Small, dumpy bird boasts beautiful blue

Posted May 16, 2011, at 9:09 p.m.

I love the month of May for the many birds that return and for the ease of seeing them before the leaves are fully out. May is the best month of the year! Some recent returnees include a Northern parula (a species of warbler), a flock of chimney swifts and a rose-breasted grosbeak.

David Sibley’s “Guide to Birds” book says, “Northern parula is small, dumpy and short-necked with a pointed bill and a fairly short tail.” I call the parula “beautiful” because of the blue on the face, head, neck, tail and wings. The breast, throat and bottom part of the bill — lower mandible — are brilliant yellow. A rufous-colored band crosses the breast, which makes it even more beautiful.

“Parula” in Latin means “tiny titmouse.” But parulas are in the warbler family, not related to chickadees and titmice. I enjoy looking for parula nests, but I don’t usually find them — I’ve seen only three in my life. The nest looks like a tennis ball stuck in an “old man’s beard,” a long, gray-green lichen that hangs off branches of a spruce or fir tree.

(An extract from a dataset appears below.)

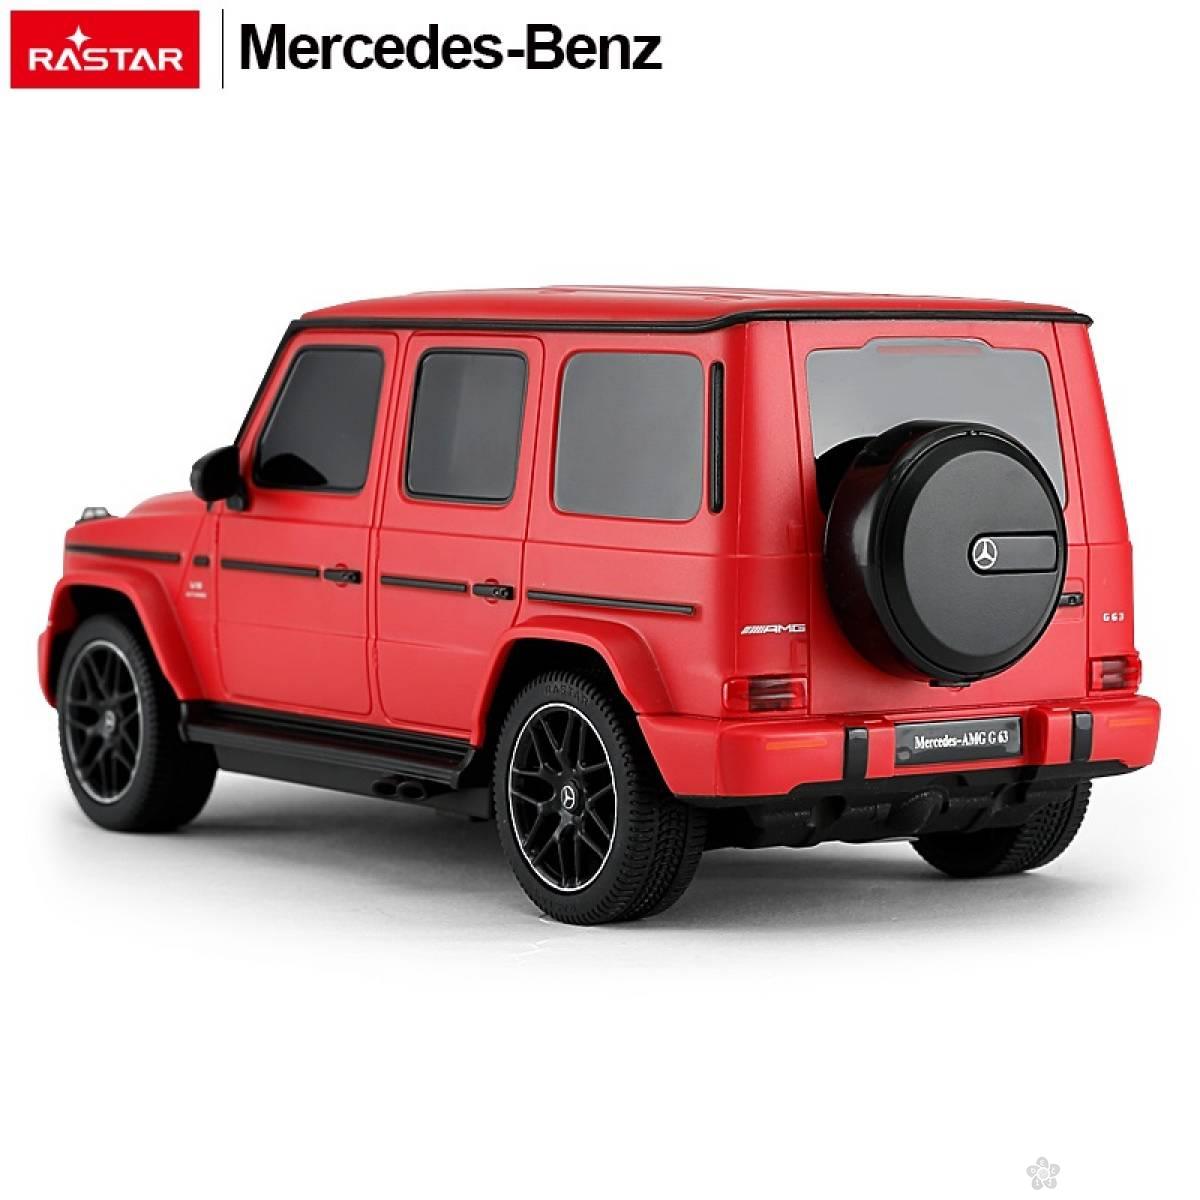 R/C Rastar 1:24 Mercedes Benz G63 53/95800

Looking up in the sky, I saw six chimney swifts flying like cigars with wings. Swallows were traveling with the swifts but swallows fly low in the sky; swifts fly higher. Swifts also have a curve in the wing like a scimitar, not a bend in the wing like the swallows, making them easy to identify which are swifts and which are swallows.

At my apartment, a rose-breasted grosbeak was sitting and eating sunflower seeds. This one was gorgeous, with black on his head, back and wings and a triangle of rose red on his breast. His rump is white, and so is his belly. I think that the rose-breasted grosbeak is the only bird with a white beak. When the light is just right and I walk, s-l-o-w-l-y to the window, I can get to within eight inches of the bird. No binoculars needed.

From 7 a.m. to 8:30 a.m. Saturday May 21, I’ll be leading a bird walk with Hope Brogunier in Walden Parke Preserve in Bangor. From Essex Street, turn onto Walden Parke Way, then go right on Tamarack Trail to the end. This walk is free.